When the line containing "Sometimes you have" appears in the entries below, begin printing there and stop after the line containing "Seascape Throw Pillow"; print each of those lines exactly and no other line.

** Opening EXERCISE DATA block **

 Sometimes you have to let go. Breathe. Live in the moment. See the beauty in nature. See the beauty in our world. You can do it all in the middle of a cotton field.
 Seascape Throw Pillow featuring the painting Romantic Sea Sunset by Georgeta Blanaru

** Closing EXERCISE DATA block **
** Opening EXERCISE DATA block **

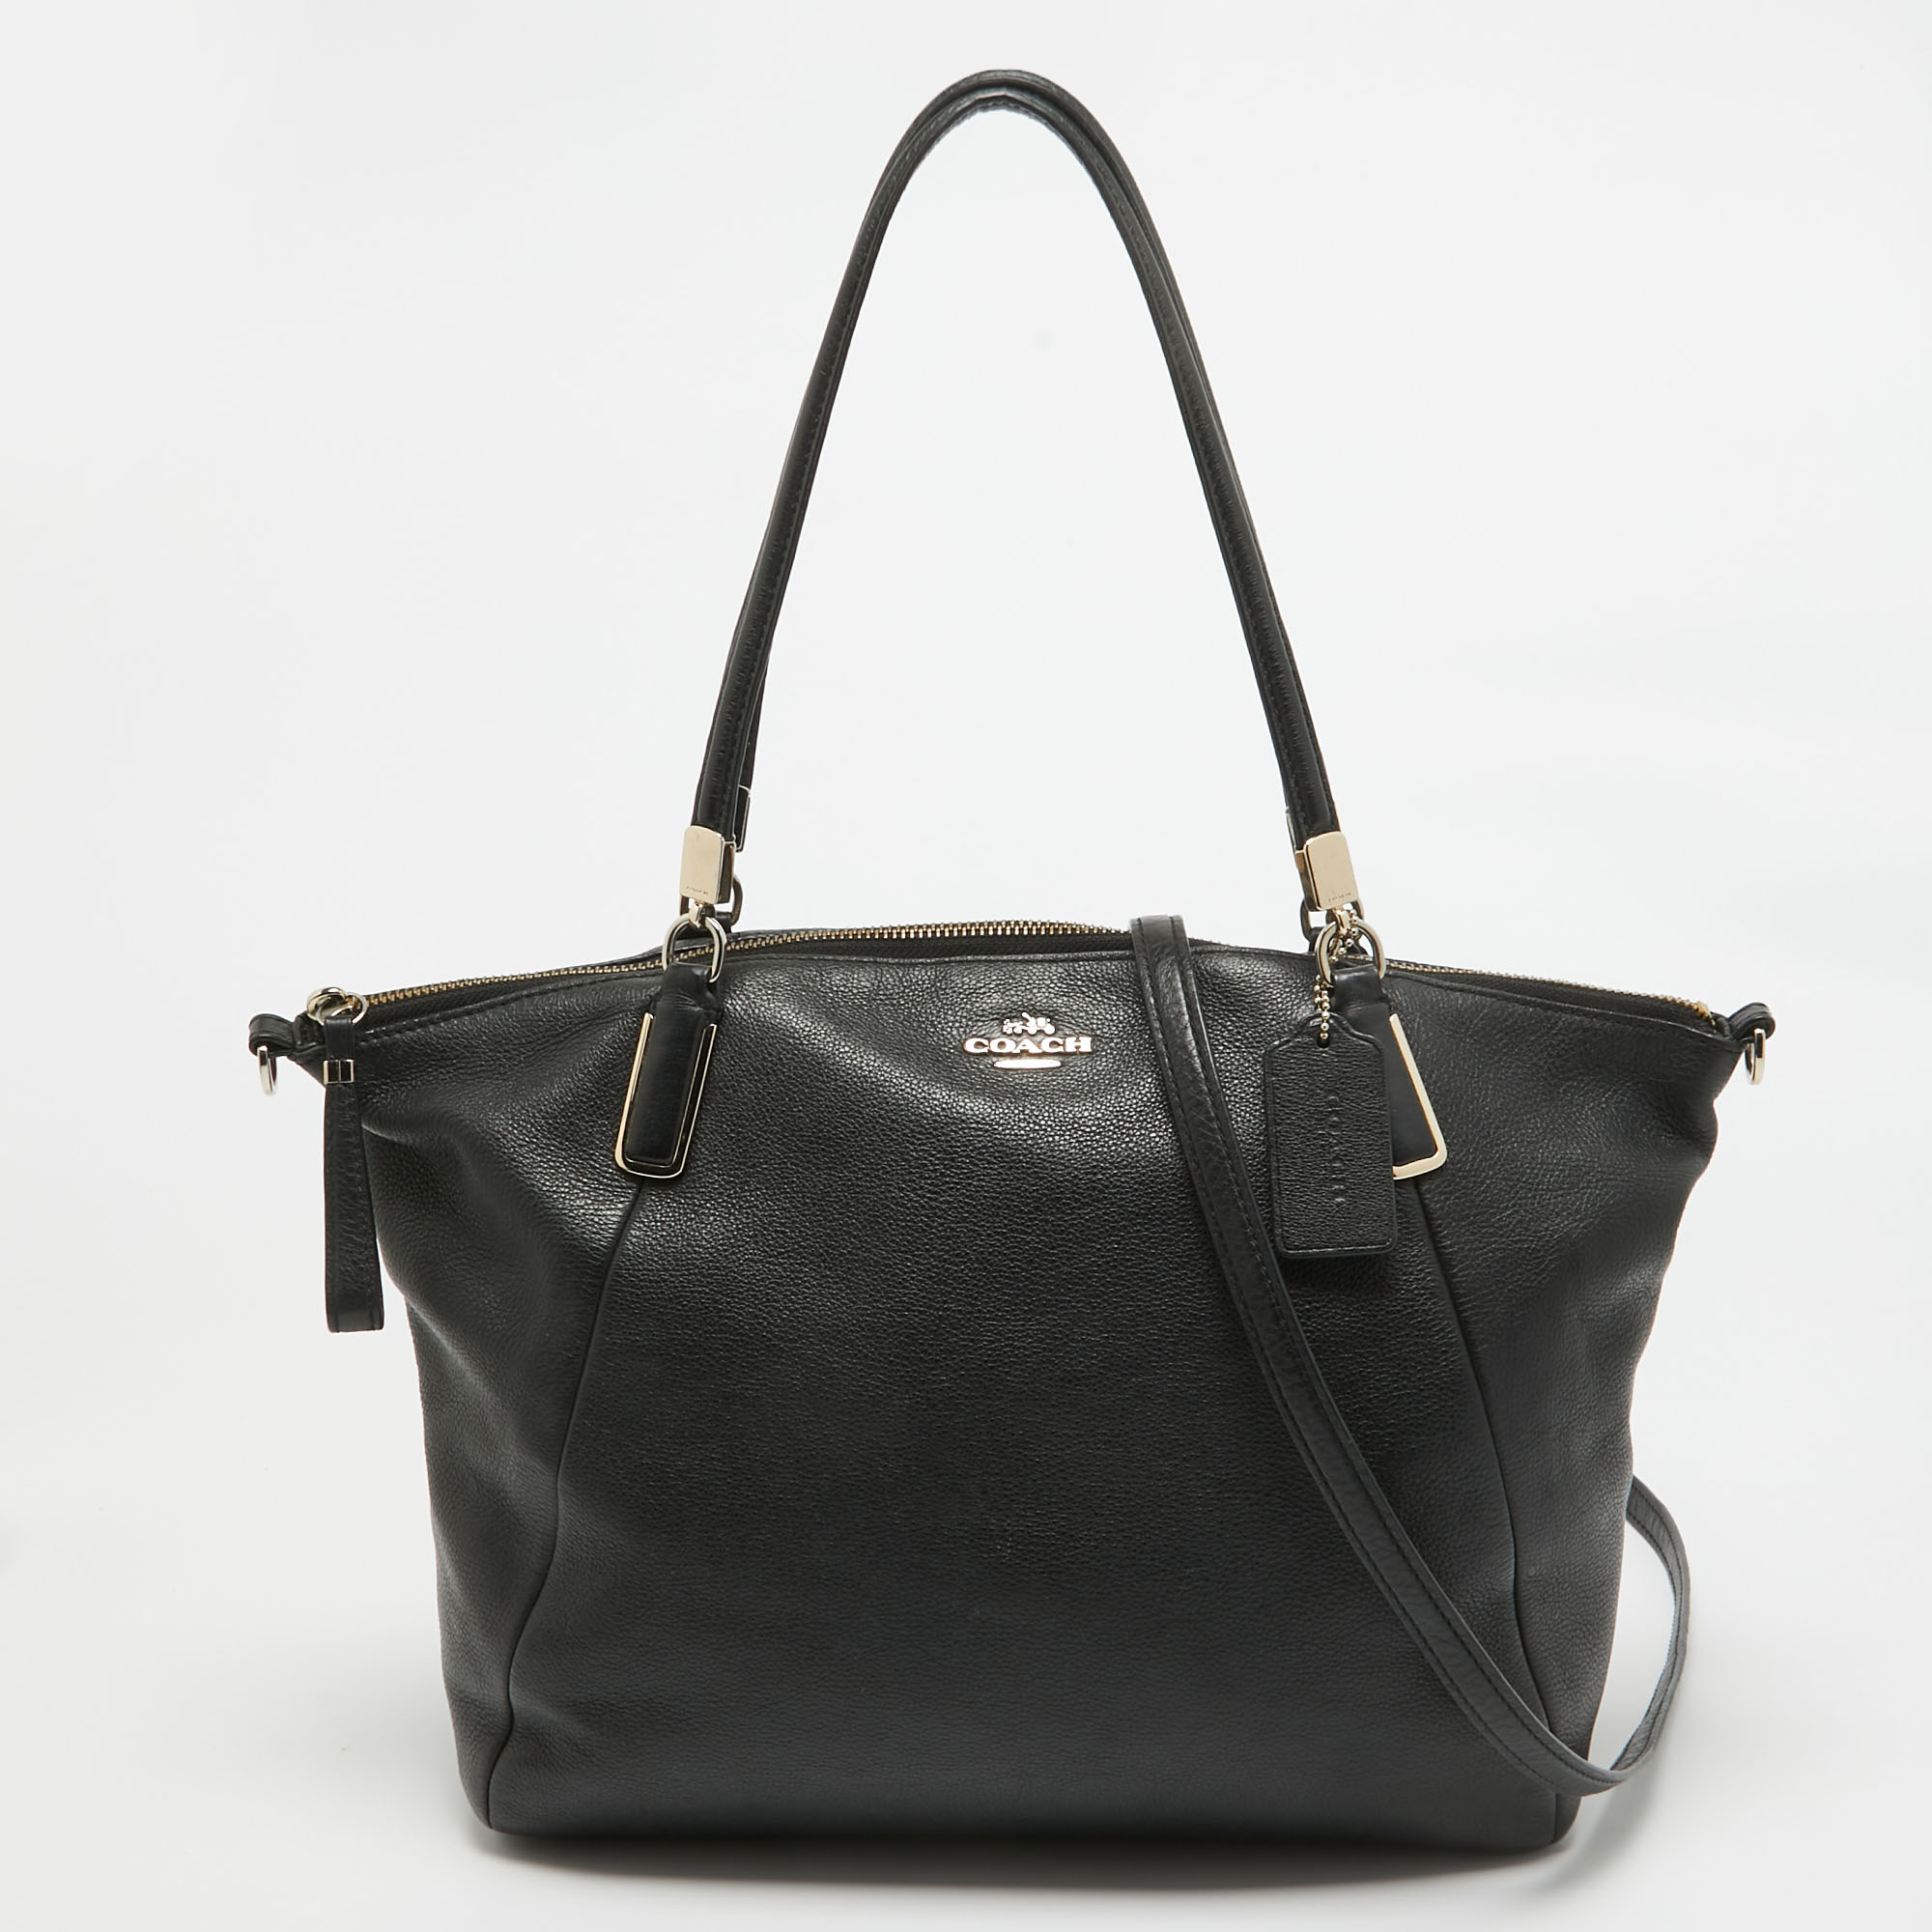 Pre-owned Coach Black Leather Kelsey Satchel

** Closing EXERCISE DATA block **

_RESULT OF THIS TASK_:
 Sometimes you have to let go. Breathe. Live in the moment. See the beauty in nature. See the beauty in our world. You can do it all in the middle of a cotton field.
 Seascape Throw Pillow featuring the painting Romantic Sea Sunset by Georgeta Blanaru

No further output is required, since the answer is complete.